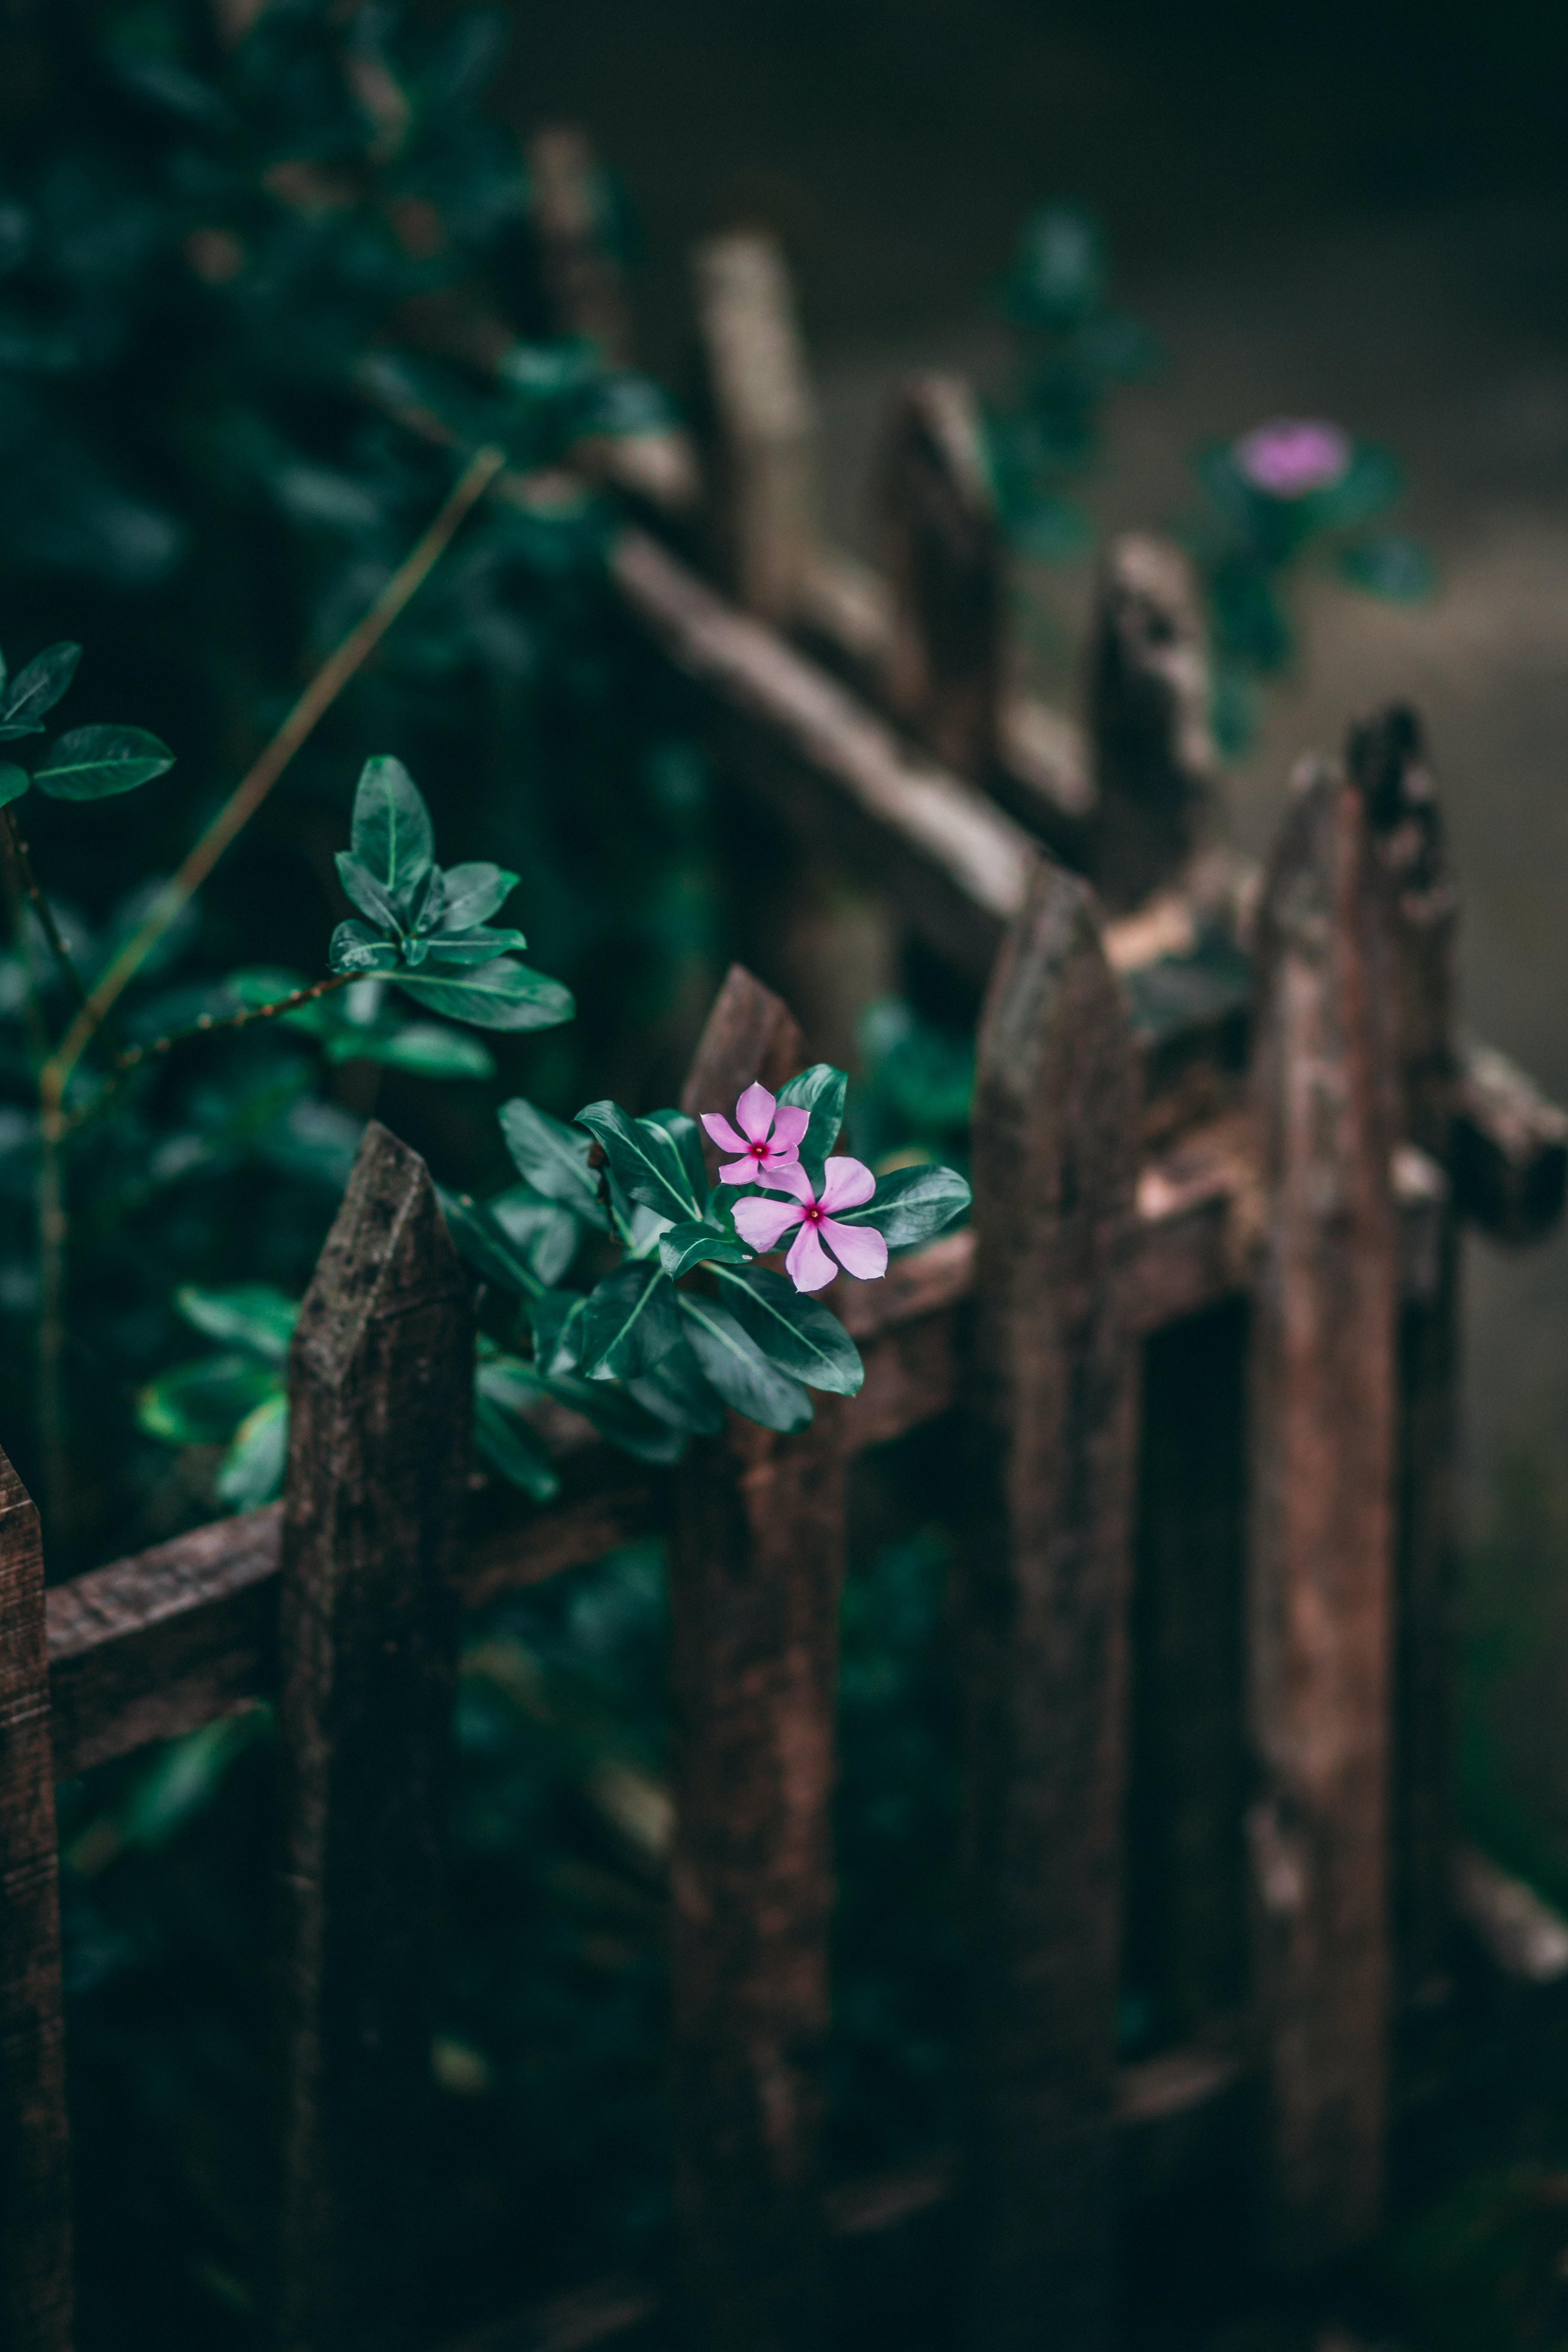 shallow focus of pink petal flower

_ _ _ _

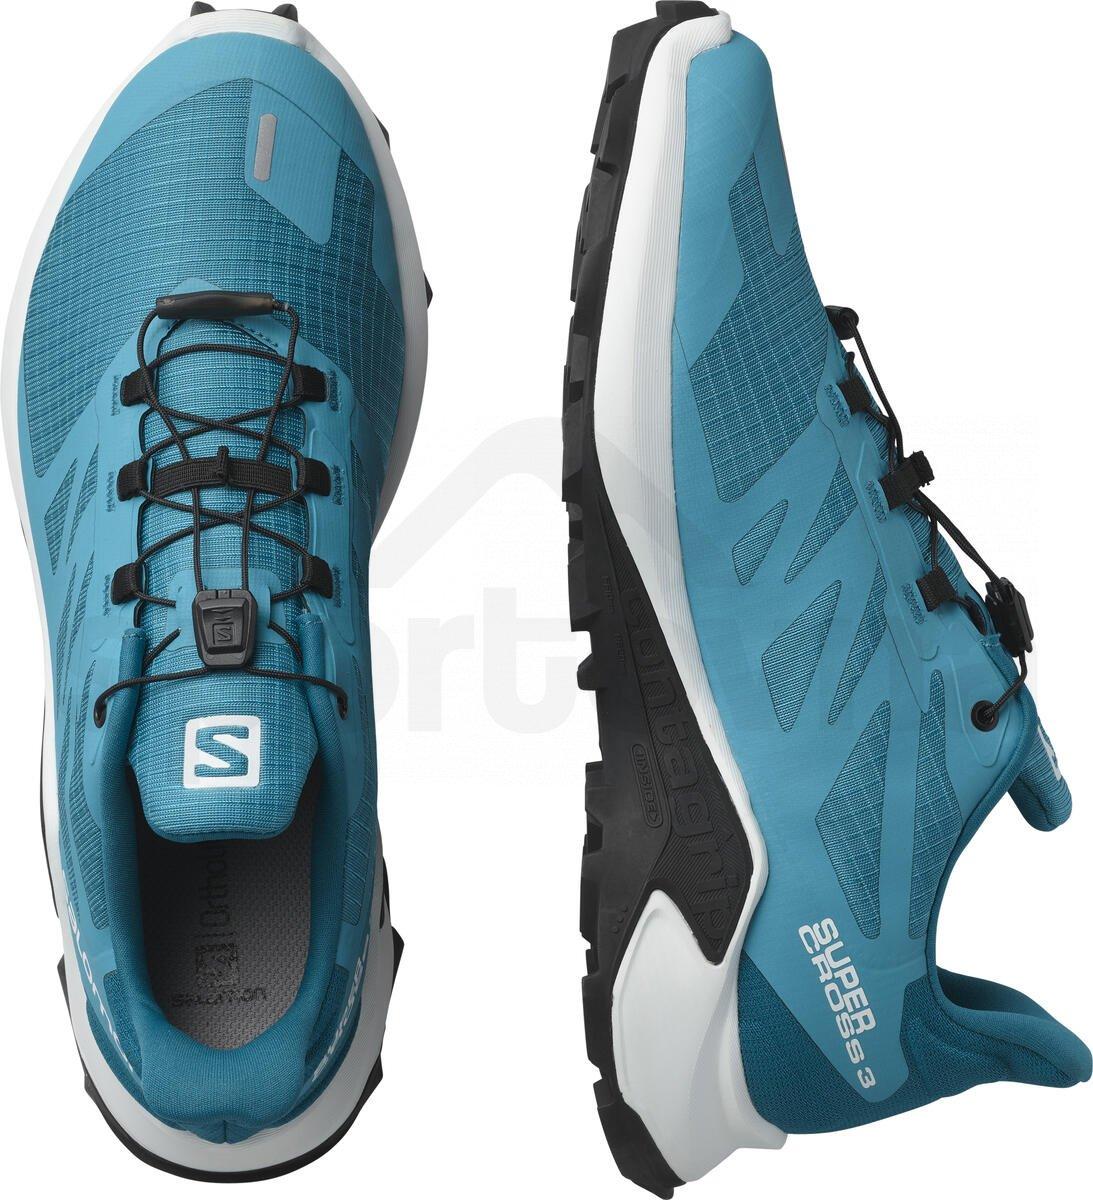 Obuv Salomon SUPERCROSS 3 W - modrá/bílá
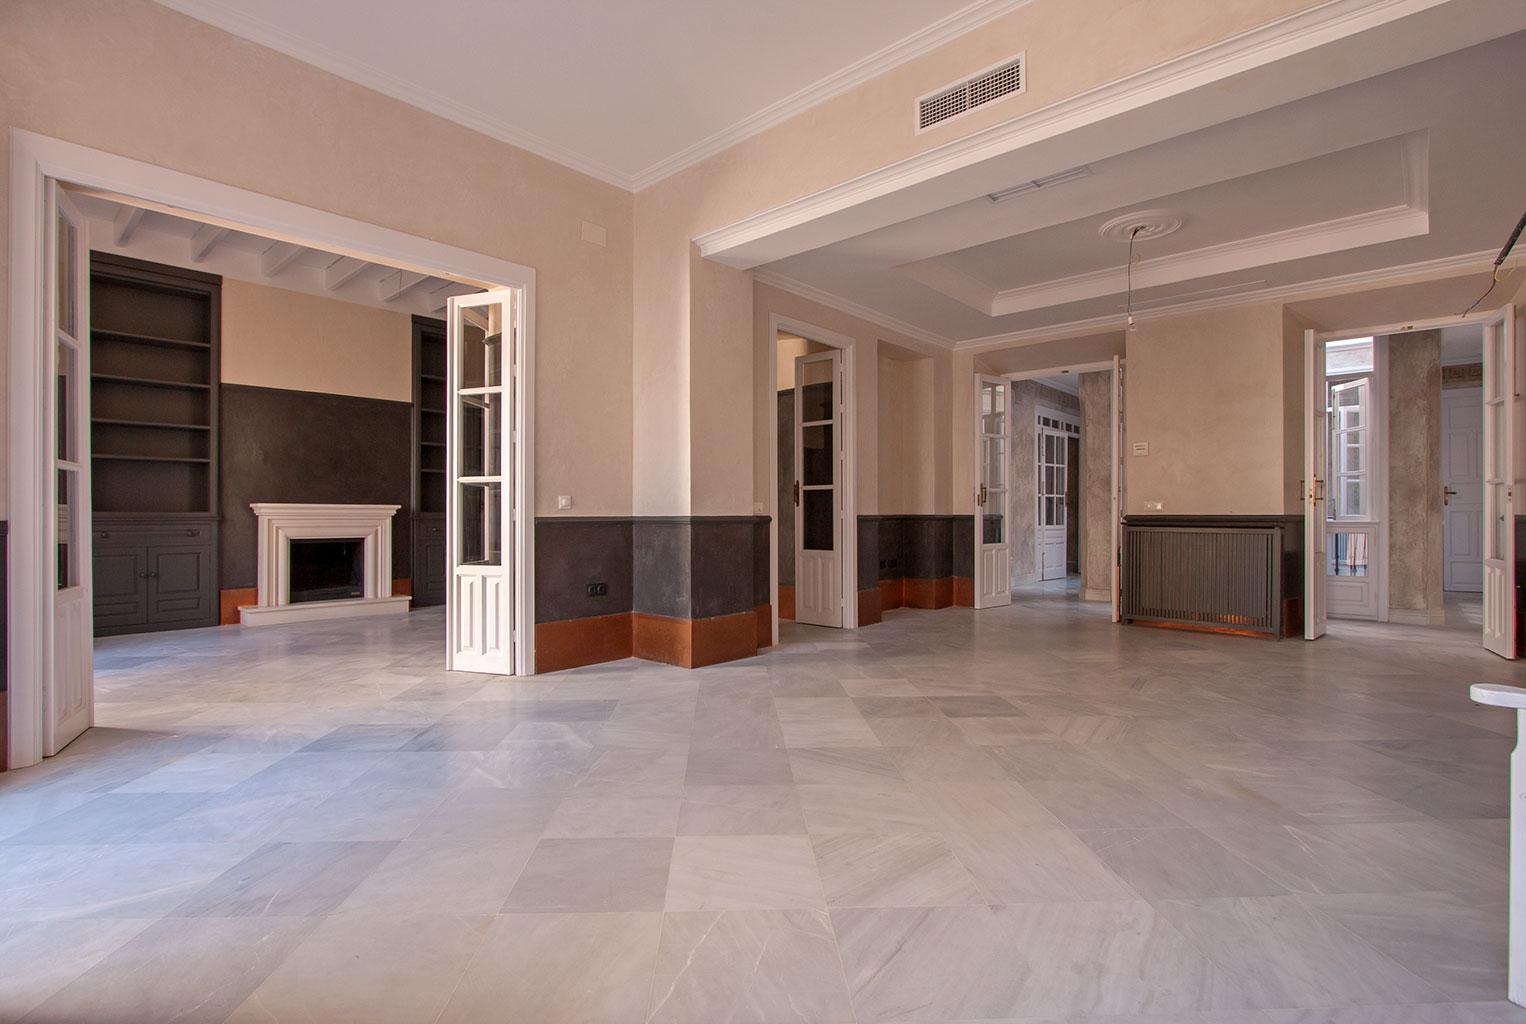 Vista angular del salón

_ _ _ _

• EXERCISE DESCRIPTION: Once the line with "Obuv Salomon SUPERCROSS 3 W - modrá/bílá" has been found above, output that line and every later line exactly, stopping after the line with "Vista angular del salón", and omit the pictures.

• TASK OUTPUT:
 Obuv Salomon SUPERCROSS 3 W - modrá/bílá
 Vista angular del salón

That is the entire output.